The Iapygians most likely left the eastern coasts of the Adriatic for the Italian Peninsula from the 11th century BC onwards, merging with pre-existing Italic and Mycenean cultures and providing a decisive cultural and linguistic imprint. Throughout the second half of the 8th century, contacts between Messapians and Greeks must have been intense and continuous; they began to intensify after the foundation of Taras by Spartan colonists around the end of the century. Despite its geographical proximity with Magna Graecia, however, Iapygia was generally not encompassed in Greek colonial territories, and with the exception of Taras, the inhabitants were evidently able to avoid other Greek colonies in the region. During the 6th century BC Messapia, and more marginally Peucetia, underwent Hellenizing cultural influences, mainly from the nearby Taras. The use of writing systems was introduced during this period, with the acquisition of the Laconian-Tarantine alphabet and its progressive adaptation to the Messapic language. The oldest known Messapic texts date to the 6th century–early 5th century BCE.

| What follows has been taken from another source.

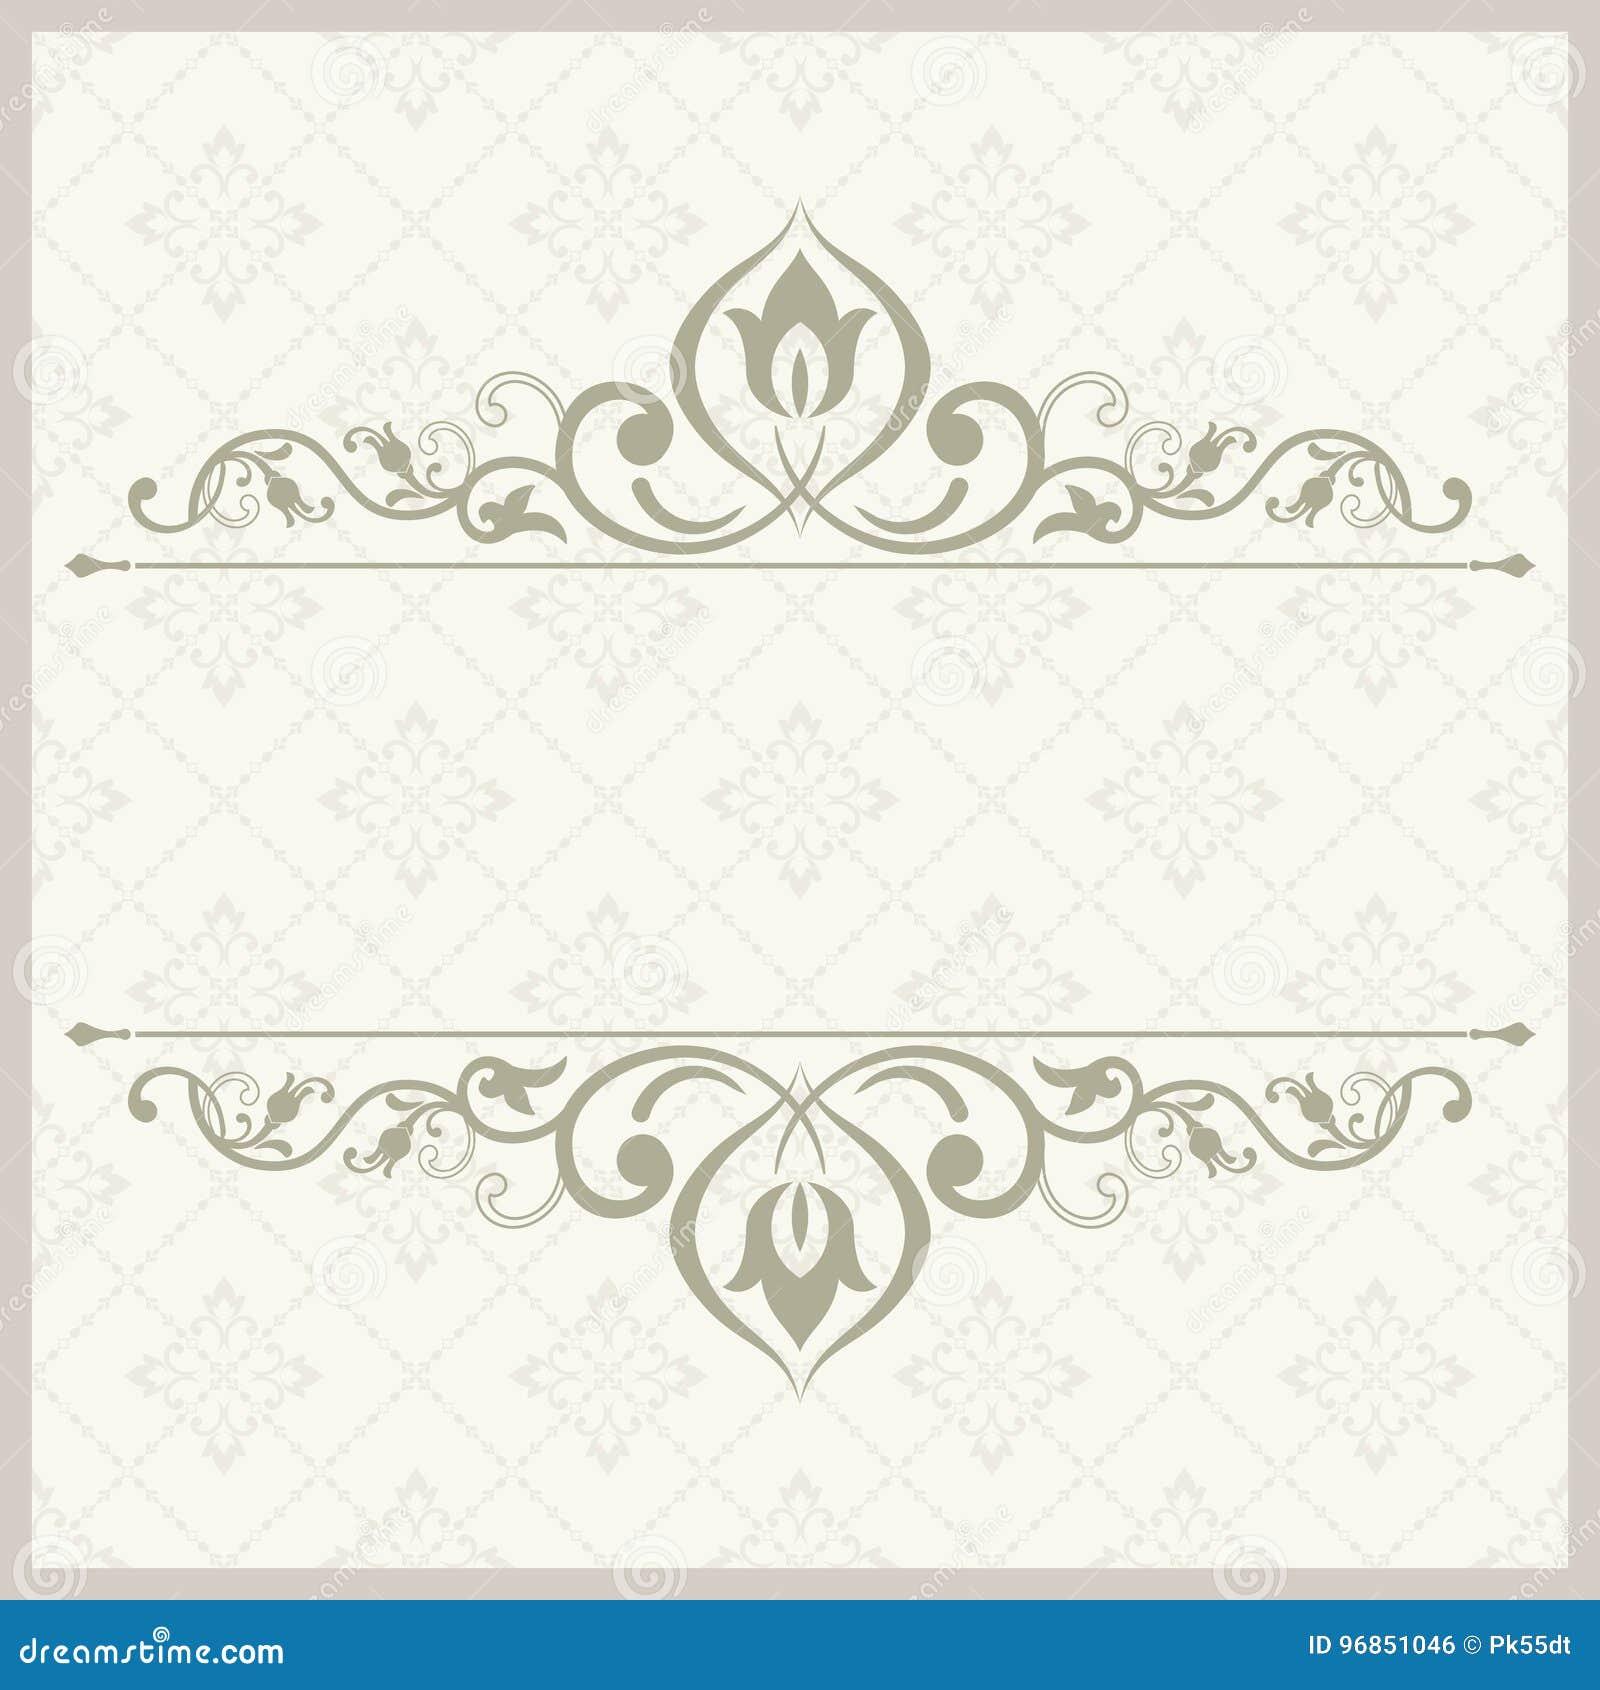 Dekorative Schablone Der Weinlese Mit Muster Und Dekorativem Rahmen

The relationship between Messapians and Tarantines deteriorated over time, resulting in a series of clashes between the two peoples from the beginning of the 5th century BC. After two victories of the Tarentines, the Iapygians inflicted a decisive defeat on them, causing the fall of the aristocratic government and the implementation of a democratic one in Taras. It also froze relations between Greeks and the indigenous people for about half a century. Only in the late-5th and 6th centuries did they re-establish relationships. The second great Hellenizing wave occurred during the 4th century BC, this time also involving Daunia and marking the beginning of Peucetian and Daunian epigraphic records, in a local variant of the Hellenistic alphabet that replaced the older Messapic script.

Along with Messapic, Greek and Oscan were spoken and written during the Romanization period all over Apulia, and bilingualism in Greek and Messapic was probably common in southern Apulia at that time. Based upon the legends of the local currencies promoted by Rome, Messapic appears to have been written in the southern zone, Oscan in the northern area, while the central sector was a trilingual area where Messapic, Greek and Oscan co-existed in inscriptions. Messapic epigraphic records seem to have ended by the 2nd century BC. During the 1st century BCE, the language was replaced by Latin, which is the origin of the modern Italian Sallentine dialects of the region.

Phonology 
A characteristic feature of Messapic is the absence of the Indo-European phonological opposition between the vowels /u/ and /o/, the language featuring only an o/u phoneme. Consequently, the superfluous letter /u/ (upsilon) was not taken over following the initial period of adaption of the Western ("red") Greek alphabet. The 'o/u' phoneme existed in opposition to an 'a/o' phoneme formed after the phonological distinction between *o and *a was abandoned. The Proto-Indo-European (PIE) vowel /o/ regularly appears as /a/ in inscriptions (e.g., Venas < *Wenos; menza < *mendyo; tabarā < *to-bhorā). The original PIE phonological opposition between ō and o is still perceptible in Messapic. The diphthong *ou, itself reflecting the merged diphthongs *ou and eu, underwent sound change to develop into ao, then into ō (e.g., *Toutor > Taotor > Θōtor).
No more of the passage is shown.